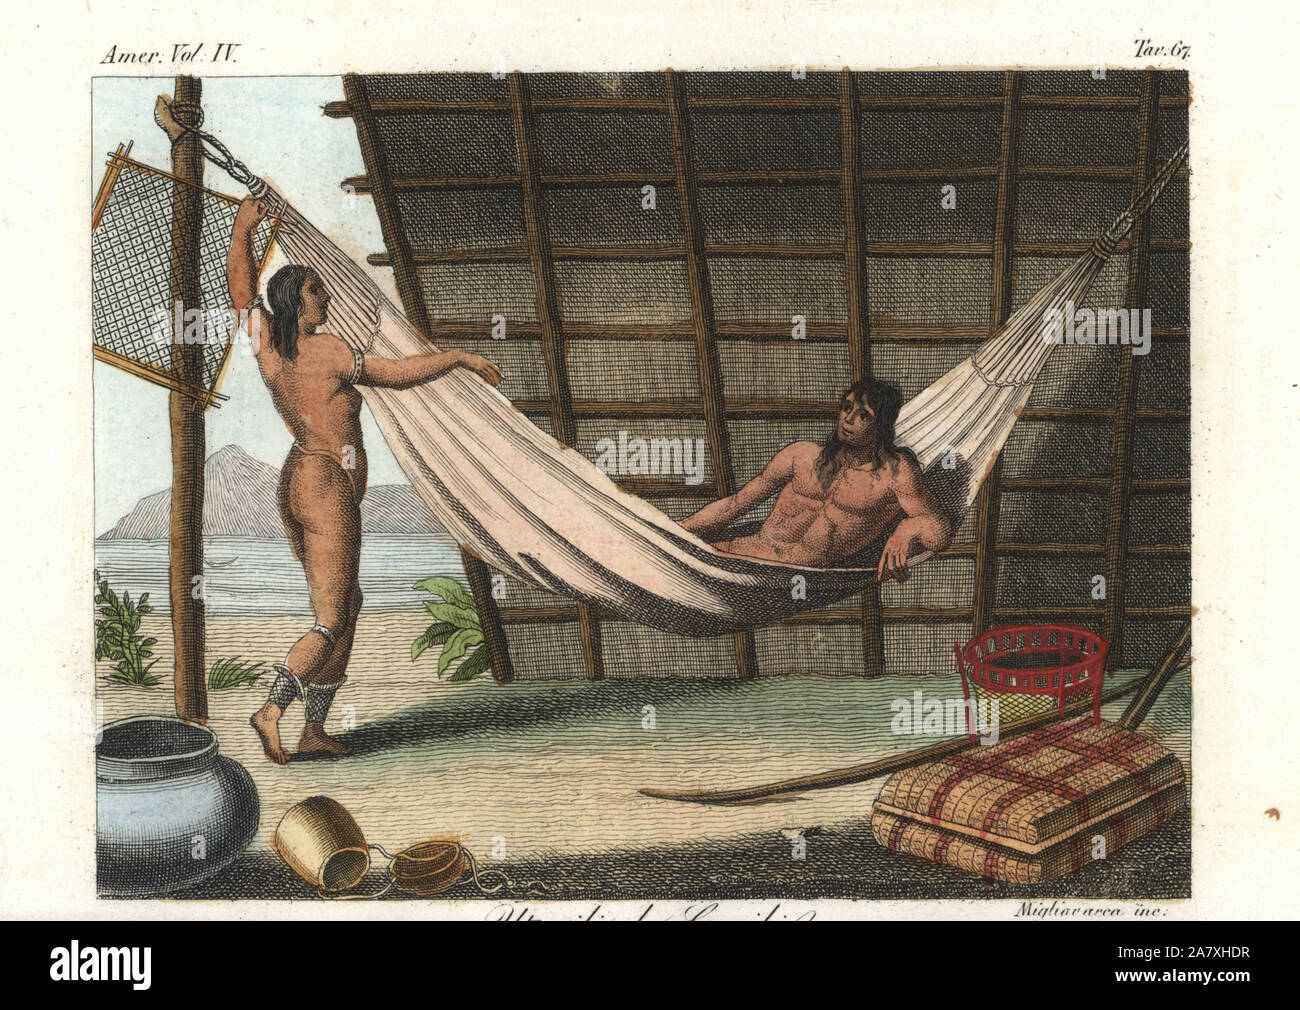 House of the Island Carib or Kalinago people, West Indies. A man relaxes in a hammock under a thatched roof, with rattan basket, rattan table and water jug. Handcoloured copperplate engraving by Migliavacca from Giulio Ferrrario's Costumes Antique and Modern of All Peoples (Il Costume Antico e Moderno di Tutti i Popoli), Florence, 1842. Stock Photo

.....

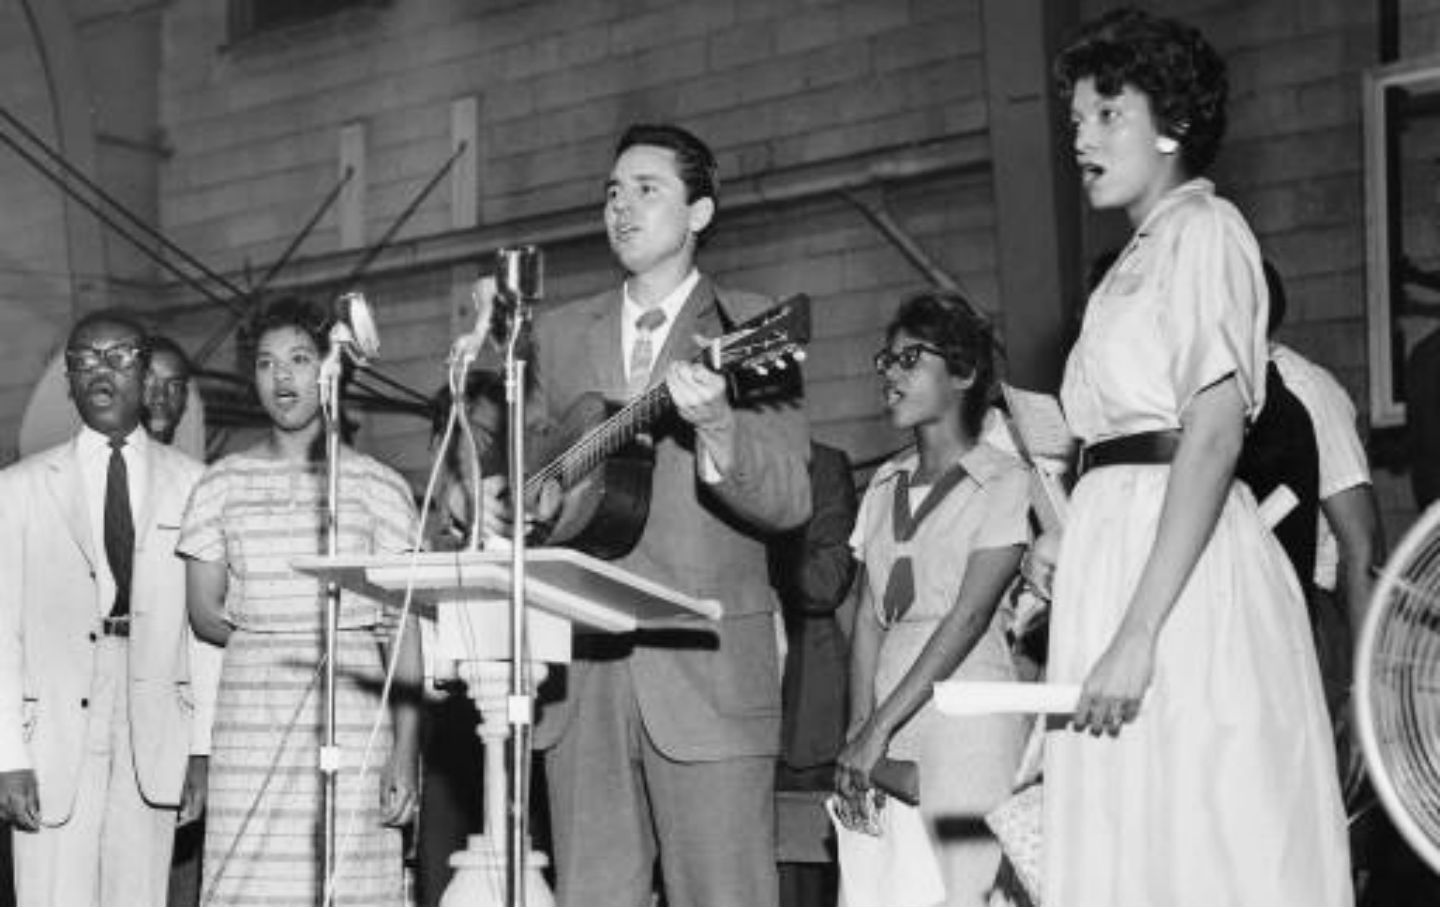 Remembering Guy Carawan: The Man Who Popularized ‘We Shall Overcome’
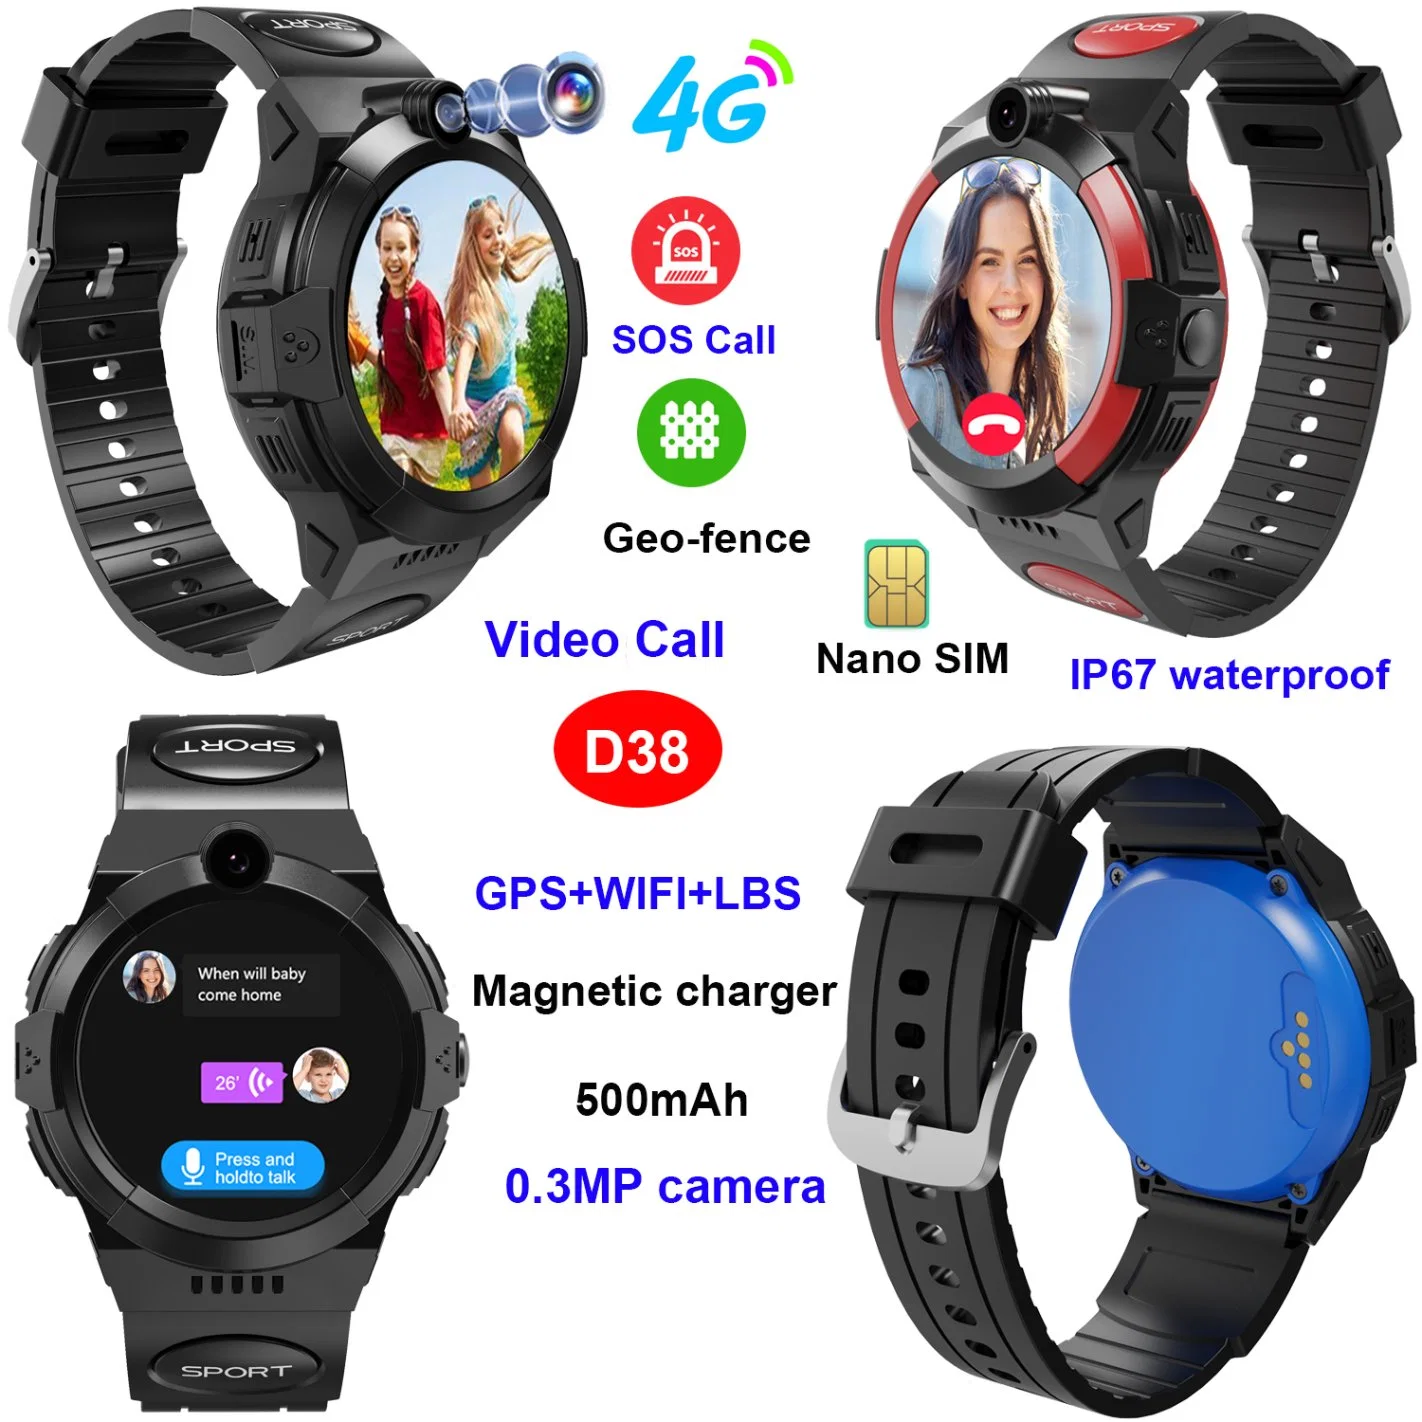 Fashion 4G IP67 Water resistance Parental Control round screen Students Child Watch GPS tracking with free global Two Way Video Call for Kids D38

.....

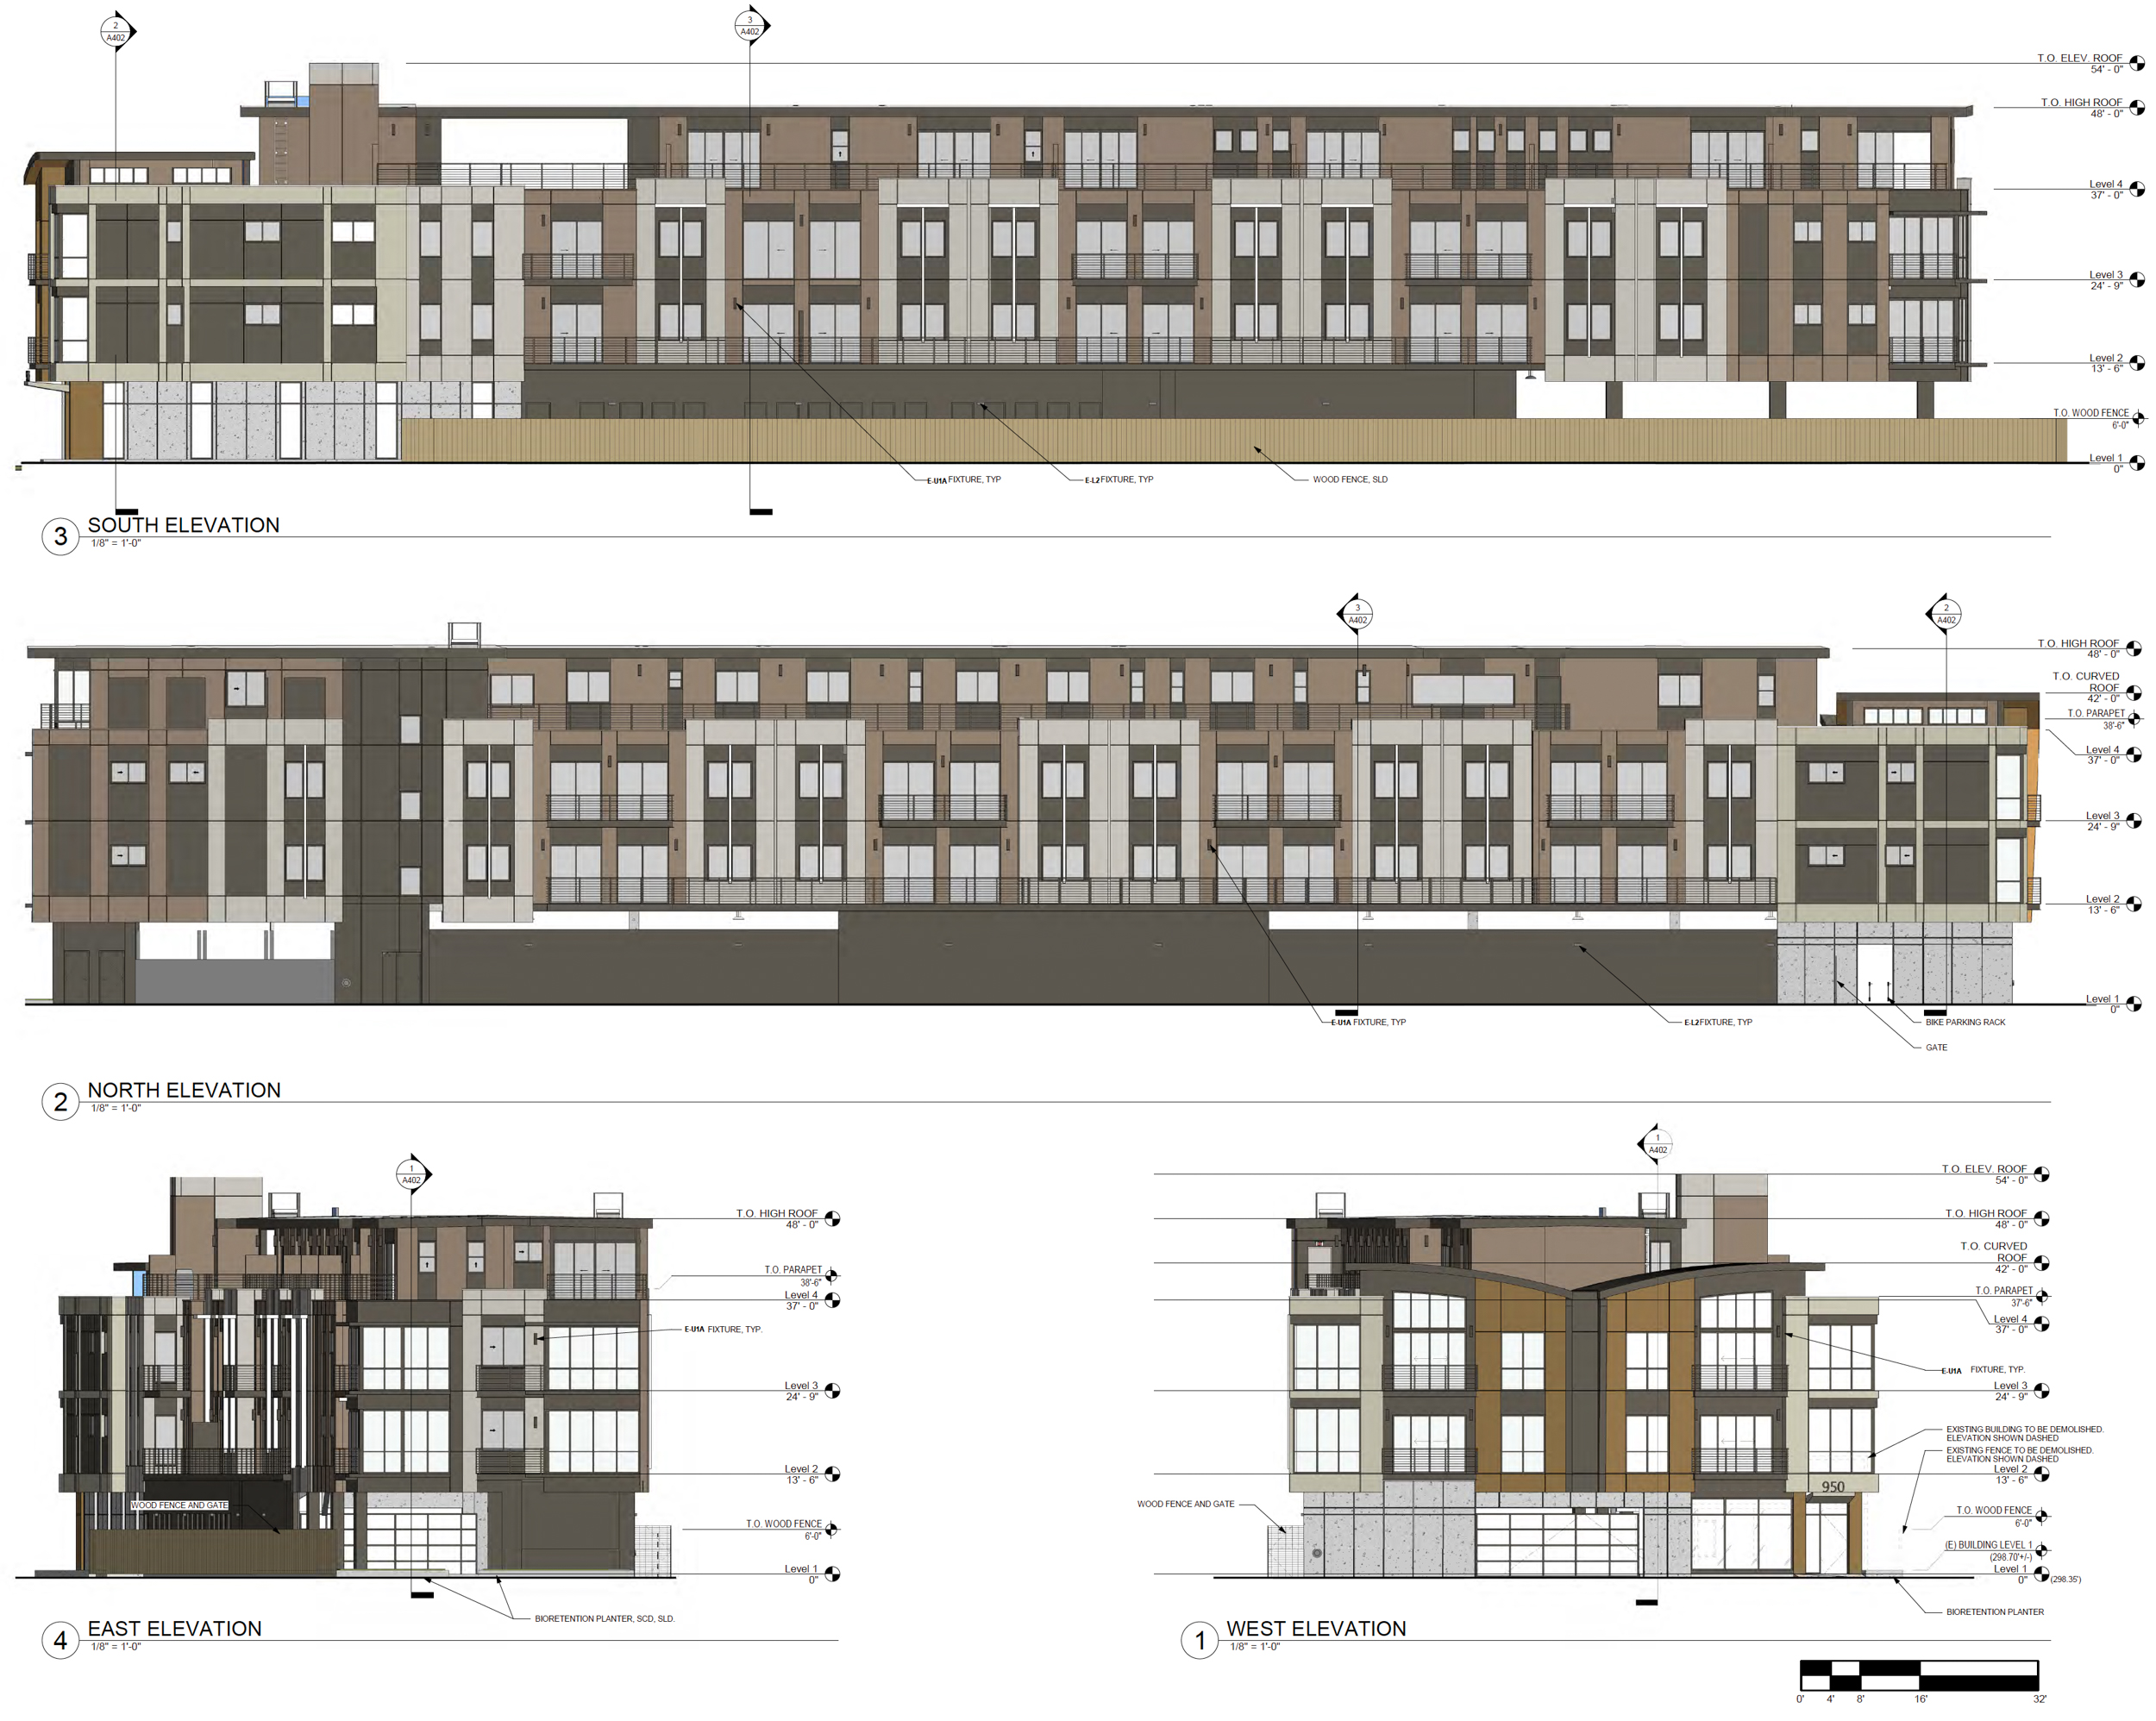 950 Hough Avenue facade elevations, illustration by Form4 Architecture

.....

• Exercise objective
Once the line with "Remembering Guy Carawan: The" has been found above, output that line and every later line exactly, stopping after the line with "Fashion 4G IP67", and omit the pictures.

• Task answer
 Remembering Guy Carawan: The Man Who Popularized ‘We Shall Overcome’
 Fashion 4G IP67 Water resistance Parental Control round screen Students Child Watch GPS tracking with free global Two Way Video Call for Kids D38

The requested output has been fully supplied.